'

Day-to-day IT strategy remains top priority

Forget talk of brave new IT initiatives. The main focus for 90 percent of businesses is ensuring the basic infrastructure keeps going

When asked, most IT managers will say what most interests them are issues like SOA/> or grid computing, but new research suggests that they are most concerned by more mundane issues, with risk avoidance at the top of the list.

The research, conducted by analysts Freeform Dynamics on behalf of CA, showed the loss of critical business information and operational downtime as a result of system failure topped the list of IT concerns for businesses in Europe.

Some 90 percent of businesses said they explicitly considered these issues when planning and 60 percent rated them as major concerns.

John Collins, of consultants Macehiter Ward-Dutton, who advised on the survey, said attitudes were changing within IT and that while companies were increasingly risk-averse, their attitudes to risk were also changing.

"IT security and risk management was always seen as an end in itself," Collins said. "The systems have been led by what's been sold, rather than what risks are out there."

This meant that companies had not been thinking about what they are purchasing, Collins said. "The security breach is easy to understand and seems more important than the day-to-day security. It it's easy to justify the antivirus software but that only fixes part of the problem. It is more difficult to get organisations to understand what is needed for a complete security solution."
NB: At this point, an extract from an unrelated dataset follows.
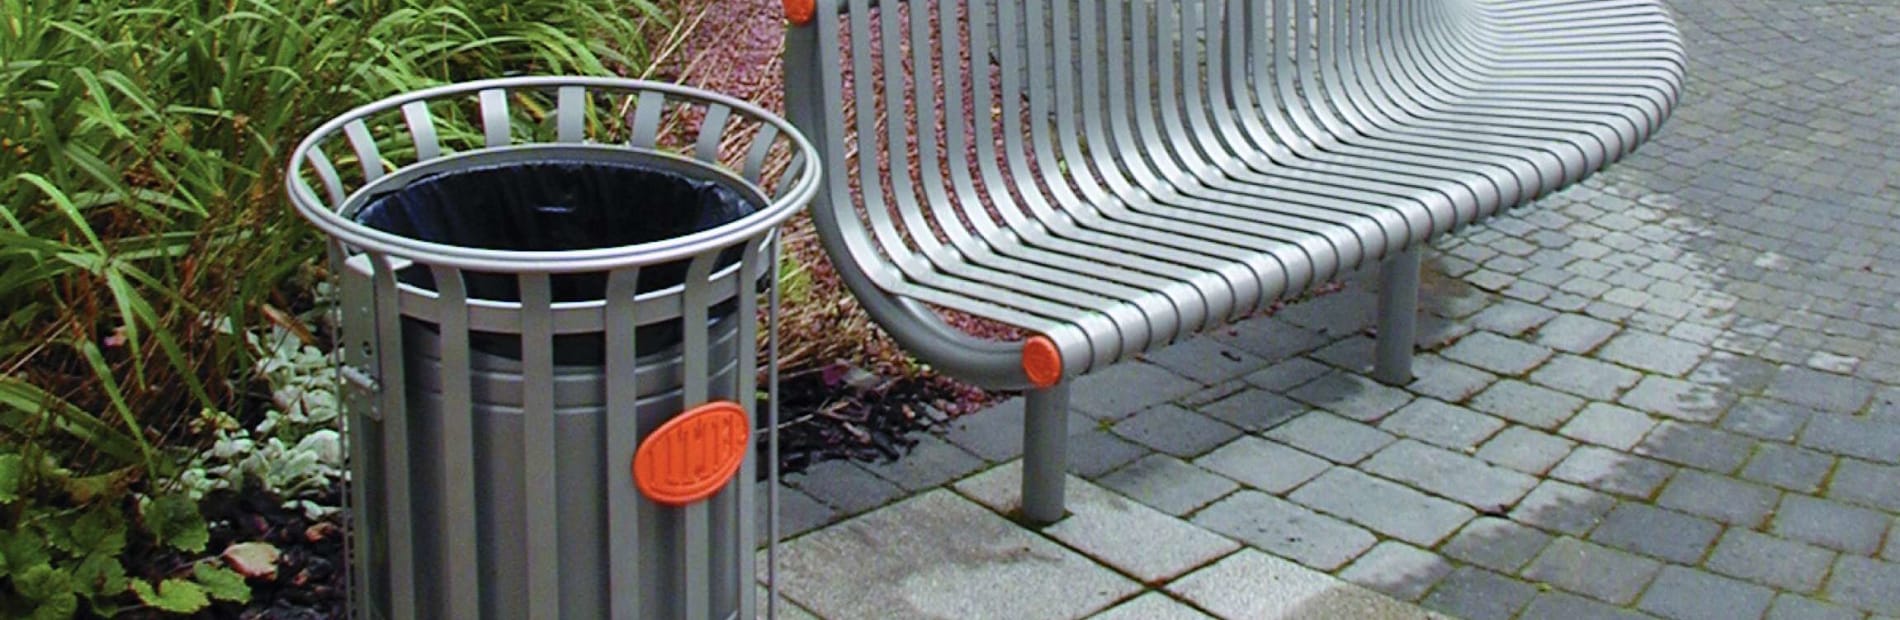 festival litter bin next to a bench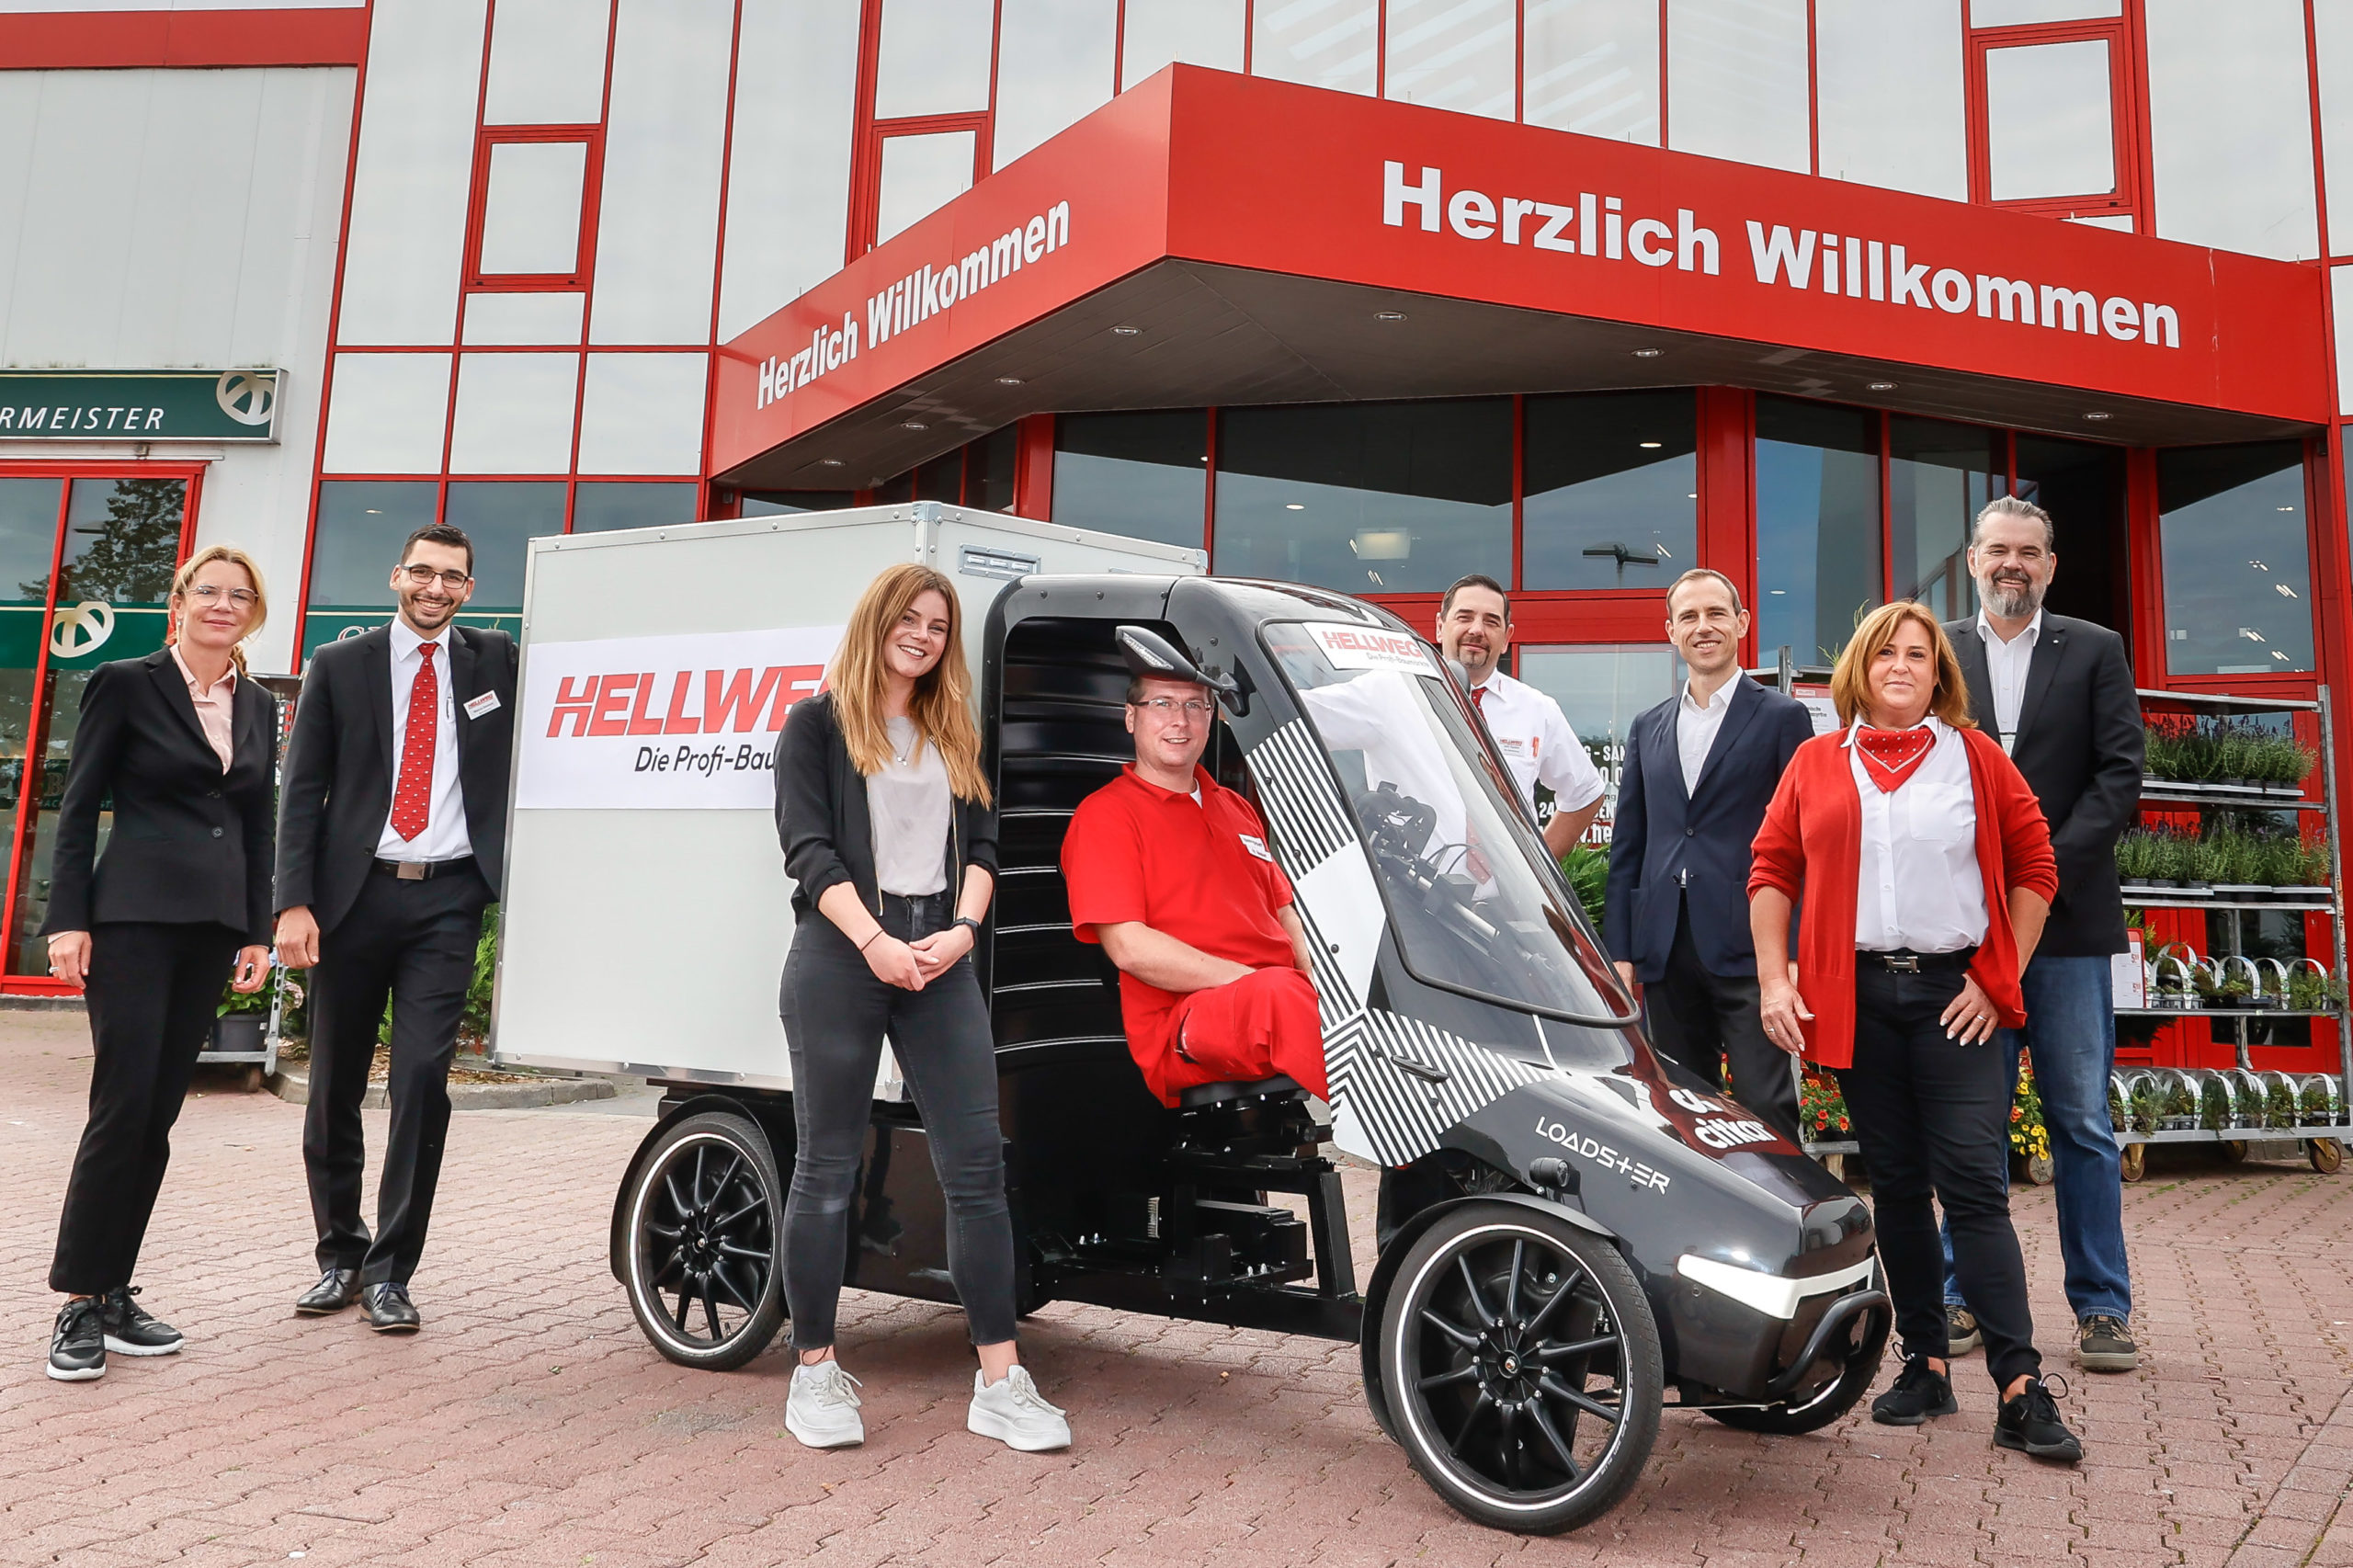 Förderung für Lastenräder in Dortmund – Betriebe bekommen Unterstützung

Collins said that the survey, which involved 705 IT professionals in Europe and the Middle East including 100 from the UK, did underline how much attitudes were changing. "CA wanted to put in a question that asked if companies employed a chief risk officer but I thought it was a waste of time because nobody would have one," said Collins. "But then we thought, 'Why not?' and put the question in and found that 36 percent have one. That rises to 48 percent in financial services."

The survey showed that over 60 percent of respondents said that risk was now considered "broadly" across their business, which was a significant change, Collins said.

While no longer at the forefront of users worries, the illicit use of confidential information is still a major risk consideration, with 88 percent considering it during planning and 58 percent of respondents highlighting it as a major concern.

Legal and regulatory compliance and the need for traceability came a close third, with over 80 percent of businesses saying that it is a consideration in their planning.